As a general rule, courts will accord deference to the interpretation placed on a statute by the agency charged with its administration and enforcement. (Blum v. Bacon (1982), 457 U.S. 132, 141, 102 S.Ct. 2355, 2361, 72 L.Ed.2d 728, 736; Airey v. Department of Revenue (1987), 116 Ill.2d 528, 536, 108 Ill.Dec. 481, 485, 508 N.E.2d 1058, 1062.) An administrative agency's interpretation is not binding, however, and it will be rejected when it is erroneous. (Securities Industry Association v. Board of Governors (1984), 468 U.S. 137, 142-43, 104 S.Ct. 2979, 2982, 82 L.Ed.2d 107, 113; Northern Trust Co. v. Bernardi (1987), 115 Ill.2d 354, 365, 105 Ill.Dec. 220, 225, 504 N.E.2d 89, 94.) The decisions of the National Labor Relations Board (NLRB) and the Federal courts interpreting similar provisions under the National Labor Relations Act (NLRA), (29 U.S.C. § 151 et seq. (1982)) are persuasive authority. The Labor Board is not, however, bound to interpret the Act as the NLRB or the Federal courts have interpreted the NLRA. East Richland Education Association, IEA-NEA v. Illinois Educational Labor Relations Board (1988), 173 Ill.App.3d 878, 902, 124 Ill.Dec. 63, 77, 528 N.E.2d 751, 765; Hardin County Education Association, IEA-NEA v. Illinois Educational Labor Relations Board (1988) 174 Ill.App.3d 168, 174, 124 Ill.Dec. 49, 52, 528 N.E.2d 737, 740.

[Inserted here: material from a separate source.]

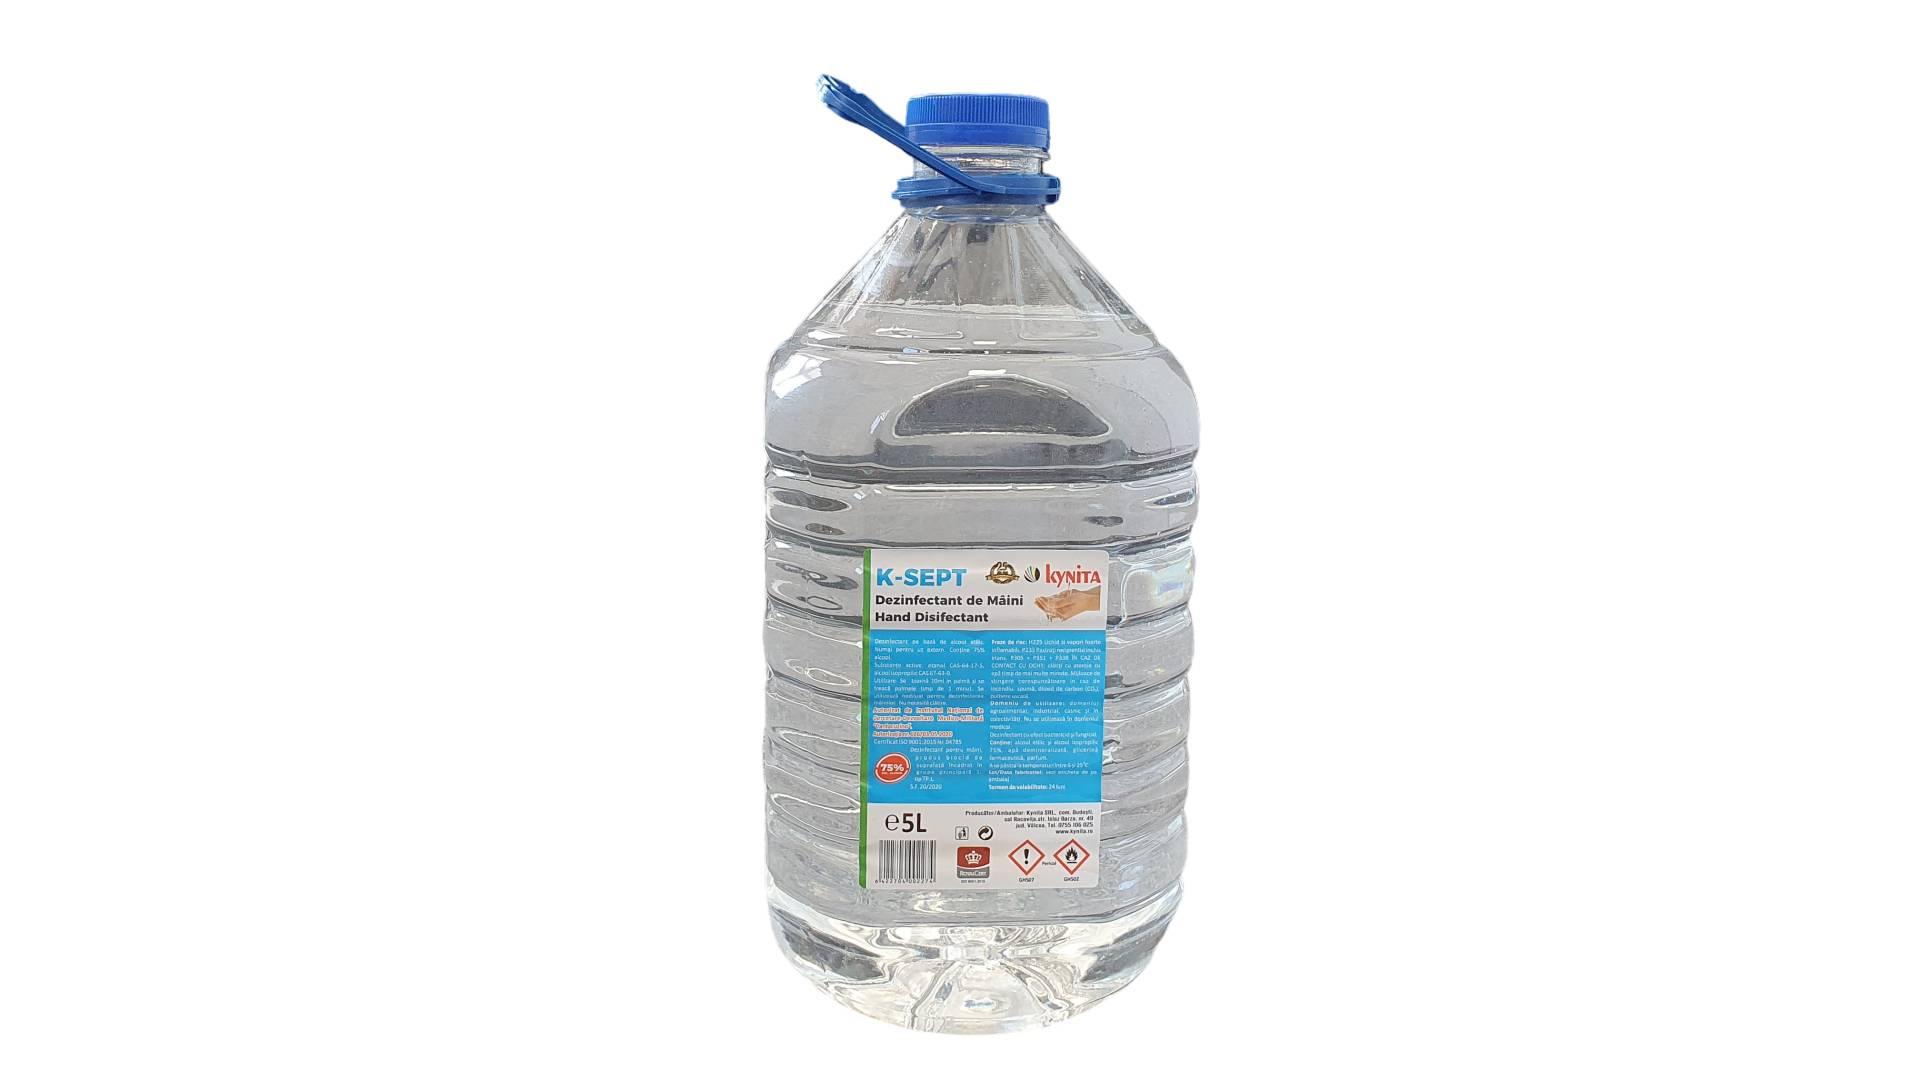 Dezinfectant virucid de maini bidon PET 5 litri, 75% alcool, avizat virucid, bactericid si fungicid imagine 2021 somnart.ro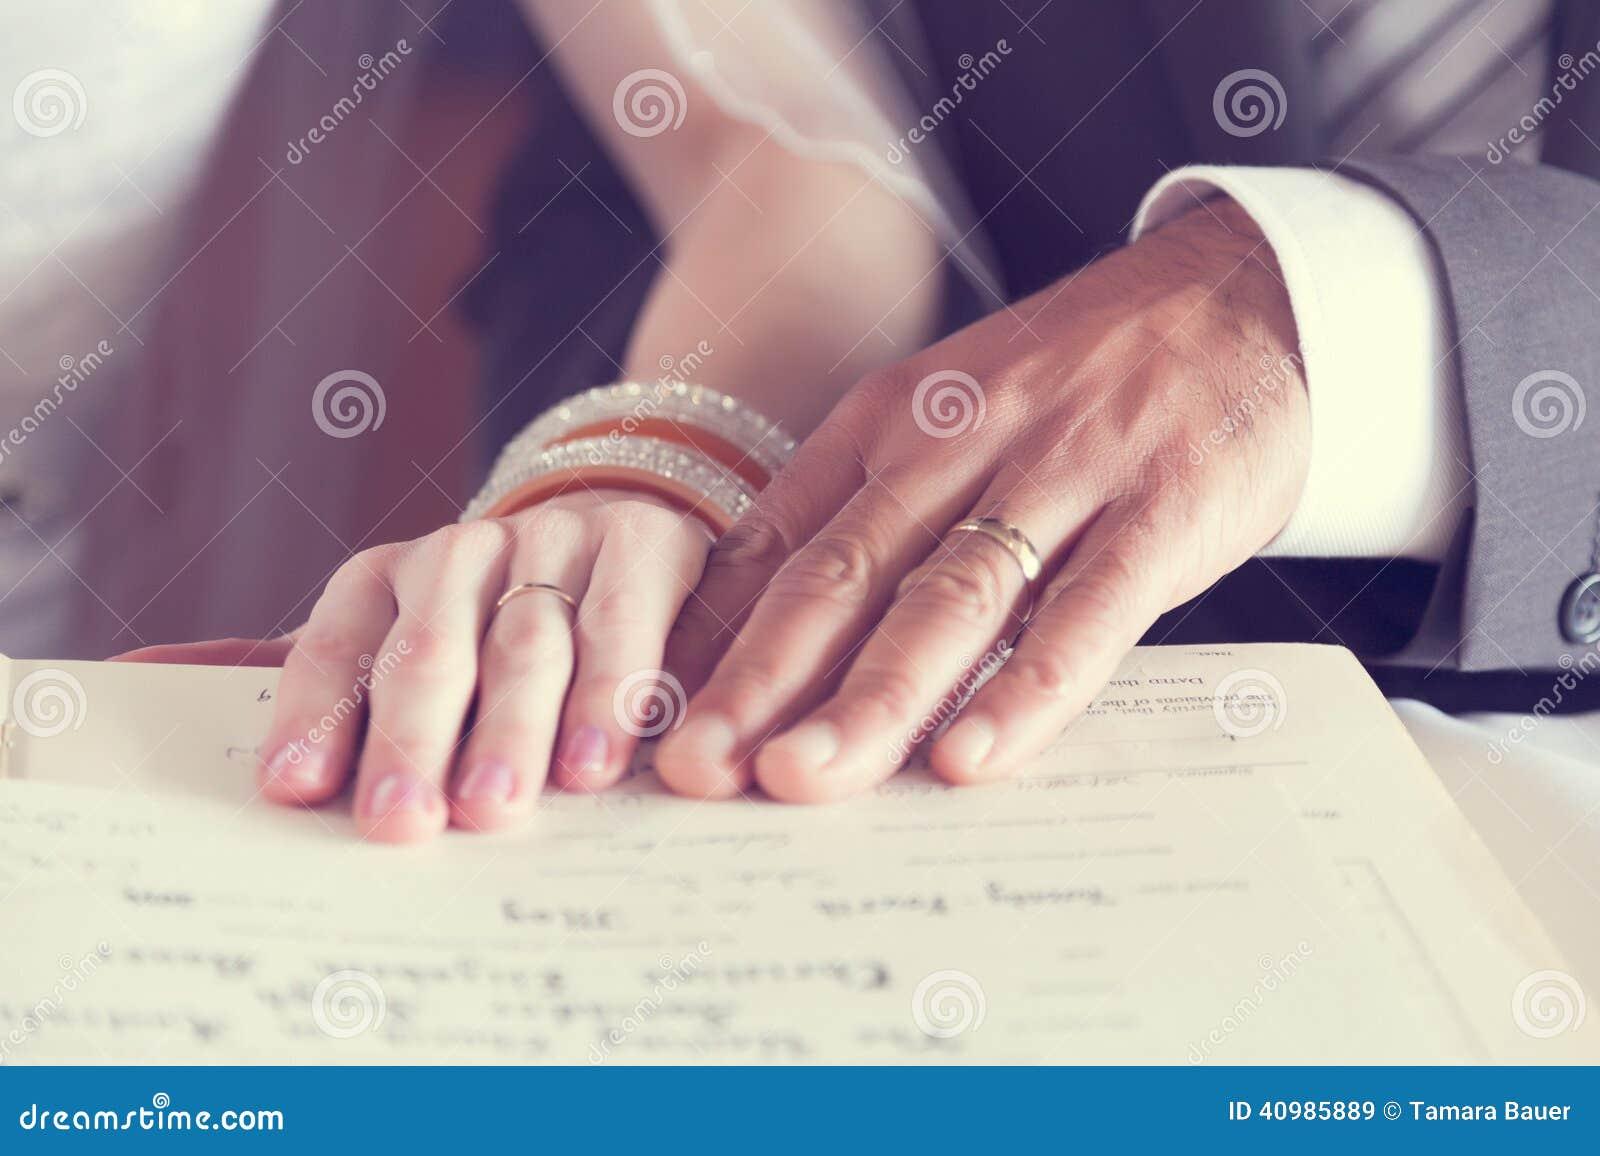 Wedding rings on hands stock image. Image of groom, rings - 40985889

Under the Act it is an unfair labor practice for an employer or its agents to "interfere with, restrain or coerce public employees in the exercise of the rights guaranteed in this Act." (Ill.Rev.Stat.1985, ch. 48, par. 1610(a)(1).) It is also an unfair labor practice for an employer or its agents to "discriminate in regard to hire or tenure of employment or any term or condition of employment in order to encourage or discourage membership in or other support for any labor organization." Ill.Rev.Stat.1985, ch. 48, par. 1610(a)(2).